[WHAT THIS TASK INVOLVES]
Repeat, line for line, the entries below from the first line to the line containing "rhetorical analysis of malala's un speech", counting both ends.

#### DATA EXTRACT ####

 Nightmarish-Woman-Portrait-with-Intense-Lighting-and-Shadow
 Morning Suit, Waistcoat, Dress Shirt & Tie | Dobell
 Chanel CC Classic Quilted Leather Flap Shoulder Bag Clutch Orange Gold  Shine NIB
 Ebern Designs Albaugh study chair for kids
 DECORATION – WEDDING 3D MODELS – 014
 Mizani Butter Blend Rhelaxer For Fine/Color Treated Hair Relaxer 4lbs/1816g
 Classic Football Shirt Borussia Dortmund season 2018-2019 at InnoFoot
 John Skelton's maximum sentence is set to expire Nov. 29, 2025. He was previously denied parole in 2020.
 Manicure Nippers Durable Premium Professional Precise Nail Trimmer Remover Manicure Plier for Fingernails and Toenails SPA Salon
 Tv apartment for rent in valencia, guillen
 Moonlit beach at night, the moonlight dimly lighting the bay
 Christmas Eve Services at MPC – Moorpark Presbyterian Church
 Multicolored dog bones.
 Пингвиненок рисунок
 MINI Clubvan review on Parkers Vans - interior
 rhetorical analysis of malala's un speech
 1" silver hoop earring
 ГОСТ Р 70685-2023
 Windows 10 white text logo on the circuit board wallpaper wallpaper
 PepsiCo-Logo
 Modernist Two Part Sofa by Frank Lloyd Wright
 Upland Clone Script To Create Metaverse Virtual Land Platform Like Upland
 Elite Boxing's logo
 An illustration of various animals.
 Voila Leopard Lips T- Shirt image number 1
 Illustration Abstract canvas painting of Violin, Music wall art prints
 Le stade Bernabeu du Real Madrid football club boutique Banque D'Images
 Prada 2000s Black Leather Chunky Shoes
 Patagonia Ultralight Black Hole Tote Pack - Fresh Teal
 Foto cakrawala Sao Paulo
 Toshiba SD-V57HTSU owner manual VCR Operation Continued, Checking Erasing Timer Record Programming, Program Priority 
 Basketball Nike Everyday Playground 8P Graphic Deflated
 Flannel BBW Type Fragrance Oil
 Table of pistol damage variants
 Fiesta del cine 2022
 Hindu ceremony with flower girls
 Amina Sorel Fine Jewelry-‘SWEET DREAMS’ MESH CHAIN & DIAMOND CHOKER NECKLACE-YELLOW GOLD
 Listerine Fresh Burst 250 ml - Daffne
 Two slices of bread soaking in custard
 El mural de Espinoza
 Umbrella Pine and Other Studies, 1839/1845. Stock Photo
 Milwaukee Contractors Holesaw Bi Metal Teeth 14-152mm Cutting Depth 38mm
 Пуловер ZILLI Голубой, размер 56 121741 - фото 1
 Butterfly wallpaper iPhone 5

####

[COMPLETED TASK]
 Nightmarish-Woman-Portrait-with-Intense-Lighting-and-Shadow
 Morning Suit, Waistcoat, Dress Shirt & Tie | Dobell
 Chanel CC Classic Quilted Leather Flap Shoulder Bag Clutch Orange Gold  Shine NIB
 Ebern Designs Albaugh study chair for kids
 DECORATION – WEDDING 3D MODELS – 014
 Mizani Butter Blend Rhelaxer For Fine/Color Treated Hair Relaxer 4lbs/1816g
 Classic Football Shirt Borussia Dortmund season 2018-2019 at InnoFoot
 John Skelton's maximum sentence is set to expire Nov. 29, 2025. He was previously denied parole in 2020.
 Manicure Nippers Durable Premium Professional Precise Nail Trimmer Remover Manicure Plier for Fingernails and Toenails SPA Salon
 Tv apartment for rent in valencia, guillen
 Moonlit beach at night, the moonlight dimly lighting the bay
 Christmas Eve Services at MPC – Moorpark Presbyterian Church
 Multicolored dog bones.
 Пингвиненок рисунок
 MINI Clubvan review on Parkers Vans - interior
 rhetorical analysis of malala's un speech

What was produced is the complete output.